▸ TO DO: Repeat exactly the lines of the entries below from the one with "45. İstanbul Maratonu" through the one with "Elavo Classic White", both ends included, and nothing else.

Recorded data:
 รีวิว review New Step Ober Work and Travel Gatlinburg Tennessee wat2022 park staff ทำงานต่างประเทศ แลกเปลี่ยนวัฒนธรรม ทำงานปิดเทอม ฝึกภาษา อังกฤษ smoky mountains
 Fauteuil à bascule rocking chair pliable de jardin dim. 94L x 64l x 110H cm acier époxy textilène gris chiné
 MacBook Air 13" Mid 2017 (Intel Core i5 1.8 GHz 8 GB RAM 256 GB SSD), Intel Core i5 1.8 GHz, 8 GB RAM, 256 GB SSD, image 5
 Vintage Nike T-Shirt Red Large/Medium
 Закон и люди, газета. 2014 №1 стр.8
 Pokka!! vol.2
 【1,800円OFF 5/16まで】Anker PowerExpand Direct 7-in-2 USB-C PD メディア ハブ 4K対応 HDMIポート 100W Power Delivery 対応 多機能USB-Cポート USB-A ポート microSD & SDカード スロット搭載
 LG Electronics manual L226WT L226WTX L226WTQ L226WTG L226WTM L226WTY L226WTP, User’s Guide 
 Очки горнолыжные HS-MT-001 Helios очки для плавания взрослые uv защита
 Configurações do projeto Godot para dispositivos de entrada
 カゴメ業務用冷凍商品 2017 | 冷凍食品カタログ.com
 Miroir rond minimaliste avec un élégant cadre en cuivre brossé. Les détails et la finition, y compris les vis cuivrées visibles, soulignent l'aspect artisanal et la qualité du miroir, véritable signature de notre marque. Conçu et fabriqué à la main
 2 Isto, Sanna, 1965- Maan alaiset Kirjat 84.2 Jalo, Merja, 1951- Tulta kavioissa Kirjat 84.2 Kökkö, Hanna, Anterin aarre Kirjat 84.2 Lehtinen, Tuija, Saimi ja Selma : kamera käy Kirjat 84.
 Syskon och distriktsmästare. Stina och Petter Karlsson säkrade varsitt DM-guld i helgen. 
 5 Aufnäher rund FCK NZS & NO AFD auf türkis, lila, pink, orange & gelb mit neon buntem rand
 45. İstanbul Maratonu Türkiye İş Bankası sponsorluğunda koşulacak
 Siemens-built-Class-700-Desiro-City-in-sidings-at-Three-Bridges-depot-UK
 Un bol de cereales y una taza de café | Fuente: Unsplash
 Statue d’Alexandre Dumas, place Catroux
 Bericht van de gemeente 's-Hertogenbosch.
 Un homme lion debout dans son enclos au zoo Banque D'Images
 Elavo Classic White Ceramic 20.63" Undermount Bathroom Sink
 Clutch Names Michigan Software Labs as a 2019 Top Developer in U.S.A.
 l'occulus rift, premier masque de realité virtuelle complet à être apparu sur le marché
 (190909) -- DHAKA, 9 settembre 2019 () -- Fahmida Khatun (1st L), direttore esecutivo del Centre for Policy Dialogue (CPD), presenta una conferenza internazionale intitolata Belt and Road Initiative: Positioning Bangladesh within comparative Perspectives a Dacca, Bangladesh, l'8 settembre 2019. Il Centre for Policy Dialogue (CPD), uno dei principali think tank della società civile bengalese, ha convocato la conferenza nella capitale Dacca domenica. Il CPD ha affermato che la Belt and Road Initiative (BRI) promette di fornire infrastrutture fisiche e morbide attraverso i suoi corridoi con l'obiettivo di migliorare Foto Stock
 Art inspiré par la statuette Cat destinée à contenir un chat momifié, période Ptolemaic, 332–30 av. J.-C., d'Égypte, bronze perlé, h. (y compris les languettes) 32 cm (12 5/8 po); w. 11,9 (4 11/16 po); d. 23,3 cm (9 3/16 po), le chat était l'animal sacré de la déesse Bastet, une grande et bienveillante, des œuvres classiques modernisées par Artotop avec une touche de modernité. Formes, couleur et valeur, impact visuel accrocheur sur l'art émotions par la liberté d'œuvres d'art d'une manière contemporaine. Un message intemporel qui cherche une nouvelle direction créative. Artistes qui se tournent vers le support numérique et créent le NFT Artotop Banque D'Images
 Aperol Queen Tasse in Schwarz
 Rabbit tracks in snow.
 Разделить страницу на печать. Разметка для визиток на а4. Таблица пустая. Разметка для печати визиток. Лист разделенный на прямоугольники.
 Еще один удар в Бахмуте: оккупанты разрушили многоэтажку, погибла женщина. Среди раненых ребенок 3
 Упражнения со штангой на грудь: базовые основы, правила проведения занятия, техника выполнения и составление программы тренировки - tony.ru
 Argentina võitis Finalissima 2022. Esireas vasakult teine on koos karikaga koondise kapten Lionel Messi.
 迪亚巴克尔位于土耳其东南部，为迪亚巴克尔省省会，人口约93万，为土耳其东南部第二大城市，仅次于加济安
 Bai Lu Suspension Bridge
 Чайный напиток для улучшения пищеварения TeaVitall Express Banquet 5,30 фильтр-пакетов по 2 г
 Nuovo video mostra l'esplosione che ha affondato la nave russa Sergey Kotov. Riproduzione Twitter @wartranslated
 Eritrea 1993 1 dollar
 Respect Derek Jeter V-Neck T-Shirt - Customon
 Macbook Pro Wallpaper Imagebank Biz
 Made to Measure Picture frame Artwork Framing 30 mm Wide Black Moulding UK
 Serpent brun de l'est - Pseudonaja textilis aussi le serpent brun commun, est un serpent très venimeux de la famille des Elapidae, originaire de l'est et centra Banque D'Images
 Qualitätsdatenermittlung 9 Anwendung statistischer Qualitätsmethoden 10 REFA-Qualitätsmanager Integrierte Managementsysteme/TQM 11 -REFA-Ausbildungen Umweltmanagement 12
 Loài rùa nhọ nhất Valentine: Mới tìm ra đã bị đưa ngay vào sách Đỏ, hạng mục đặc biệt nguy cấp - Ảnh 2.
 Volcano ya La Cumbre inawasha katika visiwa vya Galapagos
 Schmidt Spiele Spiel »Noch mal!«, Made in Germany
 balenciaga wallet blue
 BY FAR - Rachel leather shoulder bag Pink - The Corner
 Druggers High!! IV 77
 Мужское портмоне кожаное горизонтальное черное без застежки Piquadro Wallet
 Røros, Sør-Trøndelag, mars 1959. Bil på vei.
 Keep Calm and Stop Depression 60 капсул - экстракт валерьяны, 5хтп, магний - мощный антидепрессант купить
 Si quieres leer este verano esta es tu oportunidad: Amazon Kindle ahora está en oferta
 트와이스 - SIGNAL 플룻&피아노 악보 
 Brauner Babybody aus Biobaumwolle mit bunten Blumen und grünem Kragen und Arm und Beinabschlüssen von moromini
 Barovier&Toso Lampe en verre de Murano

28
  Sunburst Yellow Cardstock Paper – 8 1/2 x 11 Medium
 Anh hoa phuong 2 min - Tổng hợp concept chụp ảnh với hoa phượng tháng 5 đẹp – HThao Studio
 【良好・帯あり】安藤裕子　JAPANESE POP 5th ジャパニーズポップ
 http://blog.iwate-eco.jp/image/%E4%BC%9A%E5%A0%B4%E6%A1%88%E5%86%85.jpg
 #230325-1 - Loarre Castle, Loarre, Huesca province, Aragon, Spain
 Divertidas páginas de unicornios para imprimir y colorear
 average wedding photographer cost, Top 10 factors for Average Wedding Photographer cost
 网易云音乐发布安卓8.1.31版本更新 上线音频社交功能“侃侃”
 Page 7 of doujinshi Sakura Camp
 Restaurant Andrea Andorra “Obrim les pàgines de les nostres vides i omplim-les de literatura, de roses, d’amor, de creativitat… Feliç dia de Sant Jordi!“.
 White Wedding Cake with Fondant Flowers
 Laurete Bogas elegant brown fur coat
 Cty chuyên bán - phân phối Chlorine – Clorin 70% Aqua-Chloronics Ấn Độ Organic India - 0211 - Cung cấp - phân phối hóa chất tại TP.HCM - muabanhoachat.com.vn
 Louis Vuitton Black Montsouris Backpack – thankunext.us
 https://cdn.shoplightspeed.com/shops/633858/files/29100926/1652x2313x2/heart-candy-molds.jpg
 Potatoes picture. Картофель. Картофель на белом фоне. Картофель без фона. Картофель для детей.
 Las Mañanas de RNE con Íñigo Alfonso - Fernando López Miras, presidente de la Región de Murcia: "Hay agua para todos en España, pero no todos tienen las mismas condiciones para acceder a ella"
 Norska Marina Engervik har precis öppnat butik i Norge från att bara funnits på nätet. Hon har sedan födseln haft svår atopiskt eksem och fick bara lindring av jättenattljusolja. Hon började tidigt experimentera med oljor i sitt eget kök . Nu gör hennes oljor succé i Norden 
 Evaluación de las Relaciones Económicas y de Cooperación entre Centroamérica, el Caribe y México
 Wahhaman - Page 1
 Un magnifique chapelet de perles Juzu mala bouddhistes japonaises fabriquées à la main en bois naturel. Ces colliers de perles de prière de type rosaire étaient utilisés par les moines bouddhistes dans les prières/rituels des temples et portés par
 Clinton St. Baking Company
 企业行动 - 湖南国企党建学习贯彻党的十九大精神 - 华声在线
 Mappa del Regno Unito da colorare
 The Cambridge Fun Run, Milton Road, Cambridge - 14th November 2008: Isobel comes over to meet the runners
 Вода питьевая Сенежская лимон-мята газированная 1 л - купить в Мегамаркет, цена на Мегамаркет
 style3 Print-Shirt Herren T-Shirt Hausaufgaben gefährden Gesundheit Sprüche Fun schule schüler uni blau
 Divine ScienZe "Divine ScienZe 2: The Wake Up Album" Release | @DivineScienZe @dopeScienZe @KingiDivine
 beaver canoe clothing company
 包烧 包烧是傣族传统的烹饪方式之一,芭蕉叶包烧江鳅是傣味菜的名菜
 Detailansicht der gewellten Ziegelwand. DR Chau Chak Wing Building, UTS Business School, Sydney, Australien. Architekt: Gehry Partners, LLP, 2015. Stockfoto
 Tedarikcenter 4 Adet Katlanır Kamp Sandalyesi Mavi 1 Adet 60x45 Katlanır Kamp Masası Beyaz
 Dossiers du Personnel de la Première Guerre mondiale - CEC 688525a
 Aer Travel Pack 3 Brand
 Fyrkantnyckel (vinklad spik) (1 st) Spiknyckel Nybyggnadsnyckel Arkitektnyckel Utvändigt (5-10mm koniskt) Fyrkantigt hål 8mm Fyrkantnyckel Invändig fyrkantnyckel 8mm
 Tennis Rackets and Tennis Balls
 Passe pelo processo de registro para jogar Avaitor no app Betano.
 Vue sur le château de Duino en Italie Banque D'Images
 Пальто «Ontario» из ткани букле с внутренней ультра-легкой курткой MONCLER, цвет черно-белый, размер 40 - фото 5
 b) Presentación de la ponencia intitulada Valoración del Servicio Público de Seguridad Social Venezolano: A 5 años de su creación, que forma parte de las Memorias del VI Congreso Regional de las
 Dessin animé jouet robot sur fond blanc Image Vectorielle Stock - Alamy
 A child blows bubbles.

▸ RESULT FOR THIS EXERCISE:
 45. İstanbul Maratonu Türkiye İş Bankası sponsorluğunda koşulacak
 Siemens-built-Class-700-Desiro-City-in-sidings-at-Three-Bridges-depot-UK
 Un bol de cereales y una taza de café | Fuente: Unsplash
 Statue d’Alexandre Dumas, place Catroux
 Bericht van de gemeente 's-Hertogenbosch.
 Un homme lion debout dans son enclos au zoo Banque D'Images
 Elavo Classic White Ceramic 20.63" Undermount Bathroom Sink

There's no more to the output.